Did Canada invent football? Dave Grohl Super Bowl commercial explained
William Clark
Updated on April 03, 2026
In his Super Bowl commercial for Crown Royal, a Canadian whisky brand, Dave Grohl (of Foo Fighters, formally of Nirvana) thanks Canada for, among other things, inventing football.
“What?” says another guy in the studio, nonplussed. “No way.”
“Yeah!” Grohl replies. But is it true? Did Canada really invent “American” football?
Despite what CBC calls the “tub thumping” from Canada’s southern neighbors – i.e., the US – yes, the NFL appears to have Canadian roots… along with the NBA, NHL and Major League Baseball.
But let’s focus on football – that is, “American” football, rather than British football, which is called soccer, and is a predecessor to both Canadian and American football. It came over from England in the preceding years. That type of football has even earlier roots elsewhere, but that’s a story for another time.
In the mid 19th century, Canadians and Americans were playing a game each called “football,” but the games were very different. The Americans had 25 players on a side, and played with a round ball; the Canadians’ ball was oblong, and they played with 11 players per side.
On May 13 and 14, 1874, the American Harvard University team played two games of football against the McGill University team, from Montreal.

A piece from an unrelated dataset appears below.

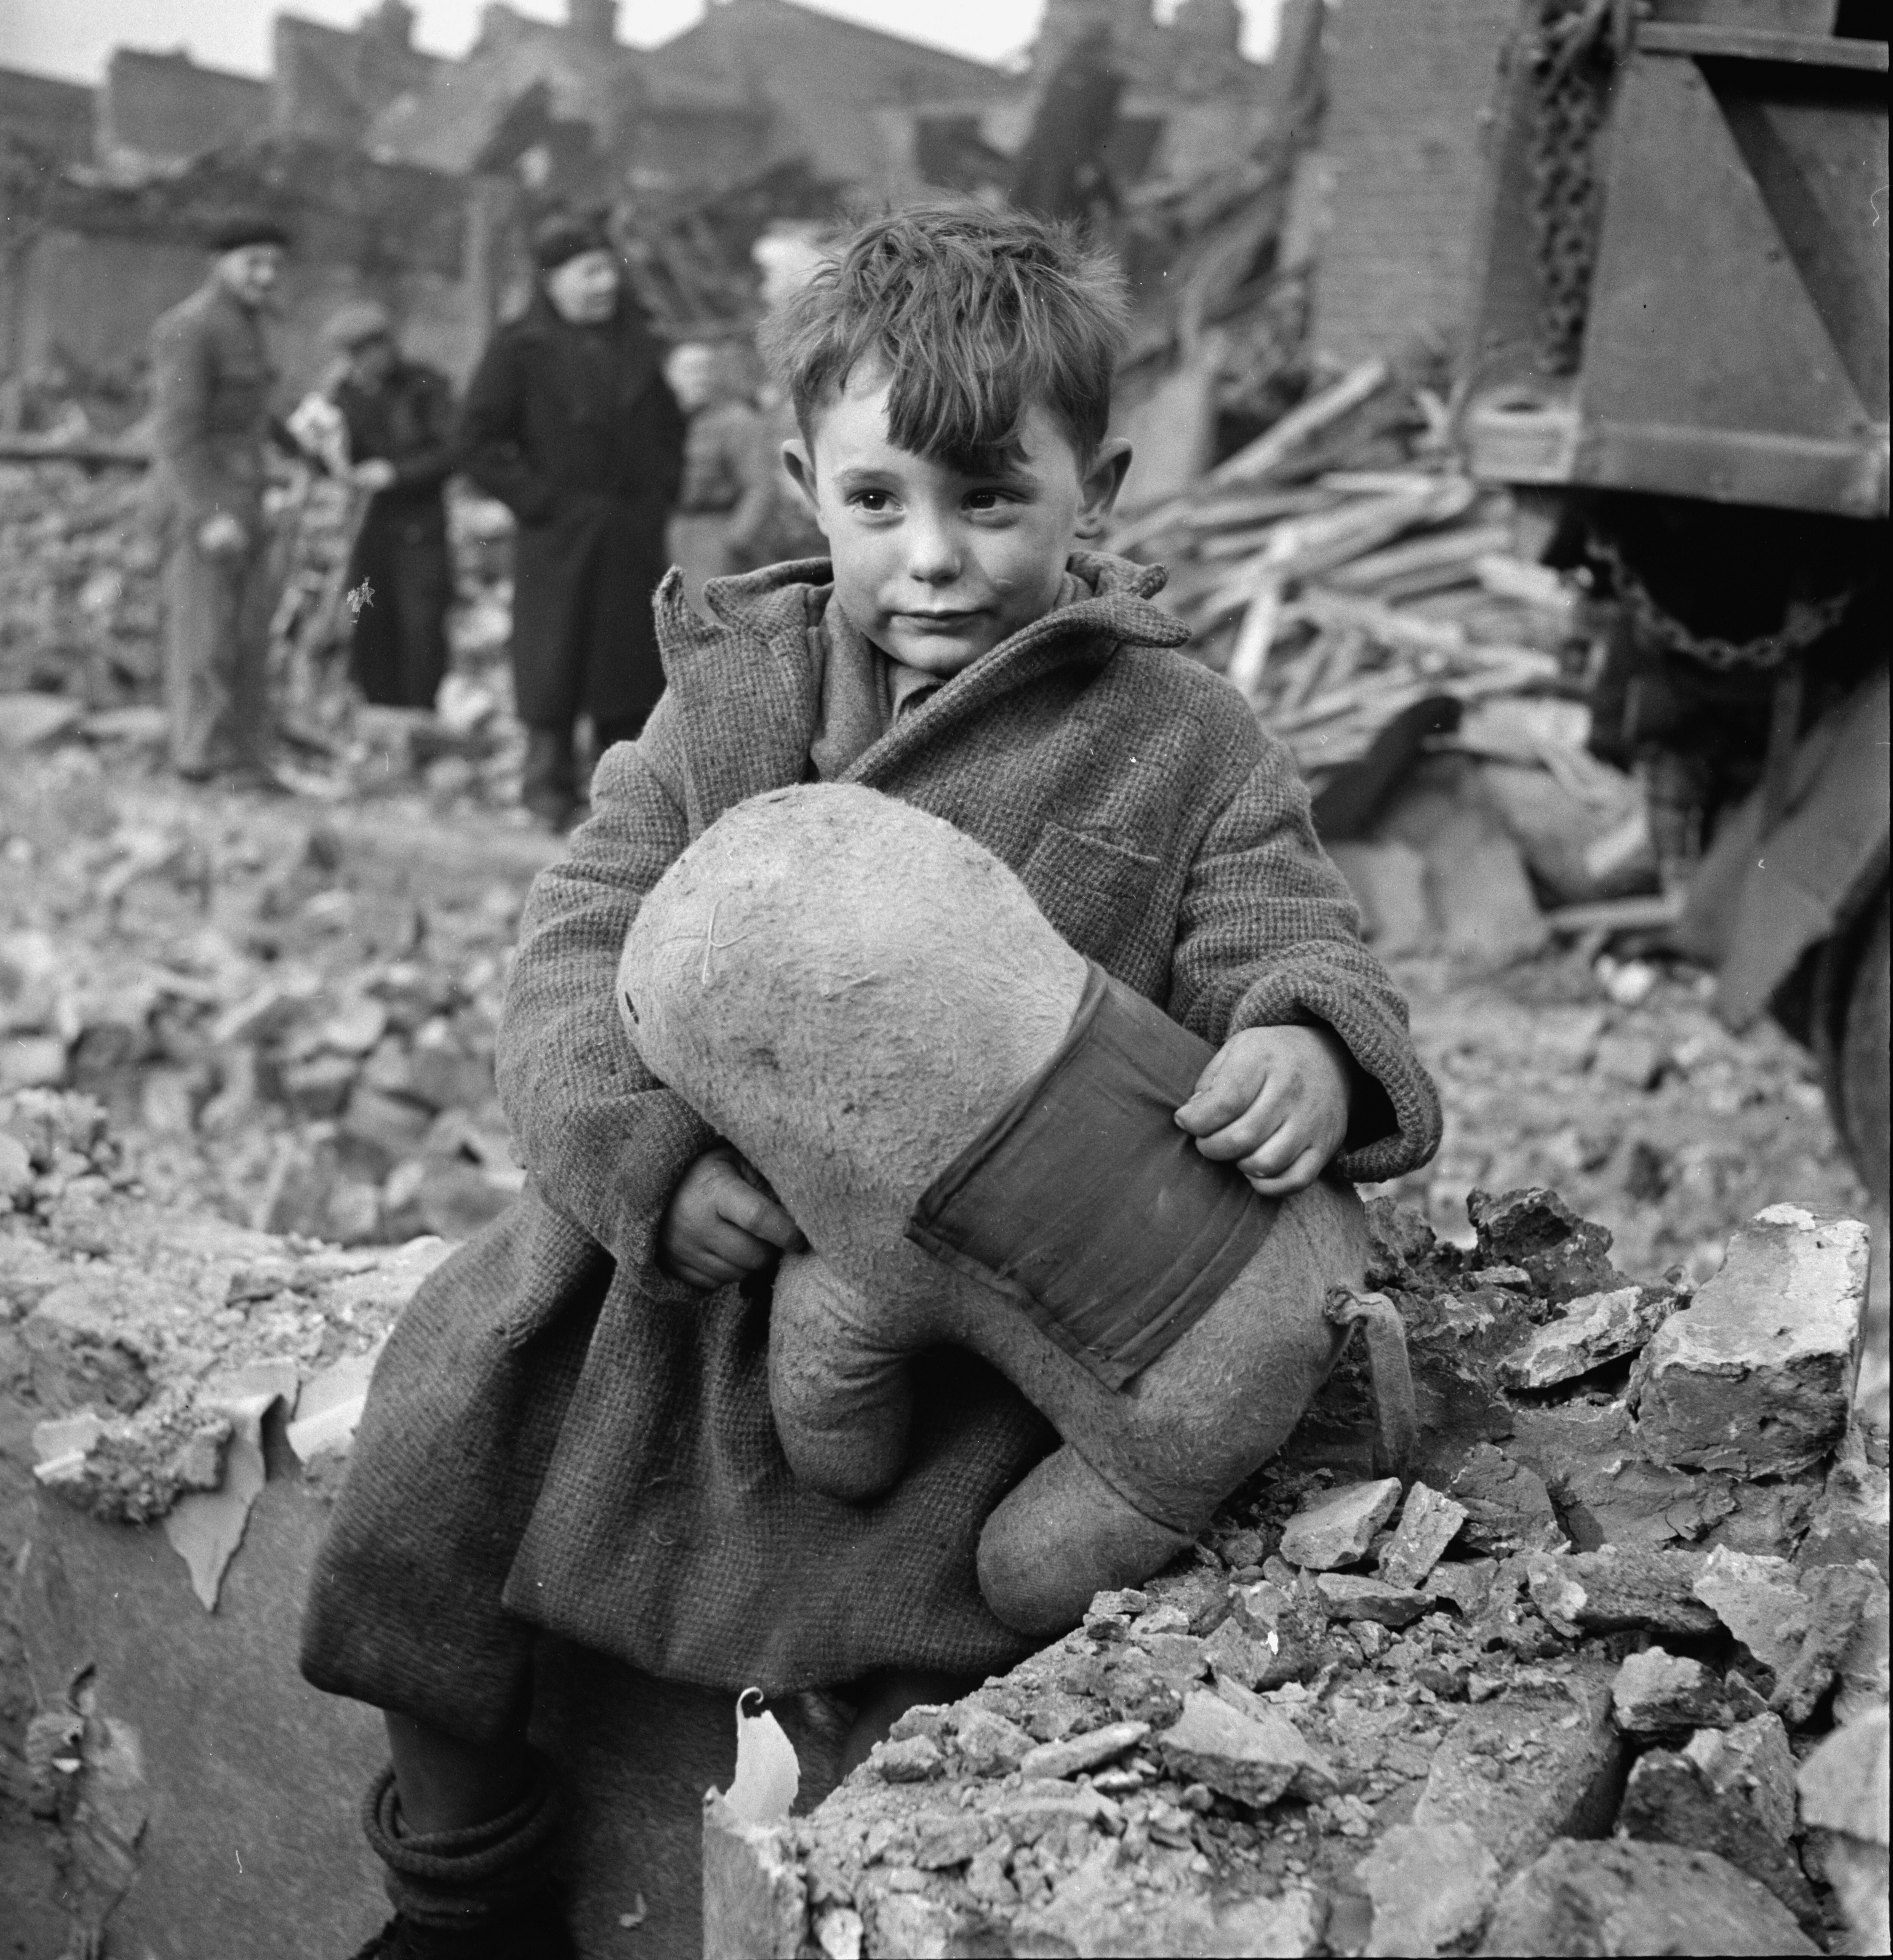 Брошенный мальчик с мягкой игрушкой среди руин после бомбардировки Лондона, 1945. Фотограф Тони Фрисселл

The first used Harvard’s rules, which Radio Canada International writes were “more like soccer,” and used a round ball. For the second, they played using Canadian rules, and with an oblong ball.
Canada’s rugby-like version of the game also included the try, while America’s didn’t.
And guess what? The Harvard team “preferred the Canadian rules.” At least, that’s how RCI remembers it. And how CBC narrates it. The following year, Harvard played Tufts University in the first game between two US colleges, and they played with the rules Canada’s McGill University had laid out: with 11 men on either side; with tackles of the ball carrier; and with kicking or carrying the ball being the ways of advancing.
In his Super Bowl commercial for Crowl Royal, Dave Grohl thanks Canada for inventing several things besides football, including peanut butter, the ironing board, and the egg carton.
The list goes on: the paint roller and the battery; the replay; “legends of music” and “heroes of comedy” (not inventing them, that is, but producing them); electric wheelchairs and whoopee cushions; and finally hockey, basketball… and football.
“Yeah, look it up,” Grohl says. Well, there you go. Grohl has had Crown Royal on the Foo Fighters tour rider for years, according to WBSM Radio, so it may have come as little surprise to see him promoting it at the Super Bowl.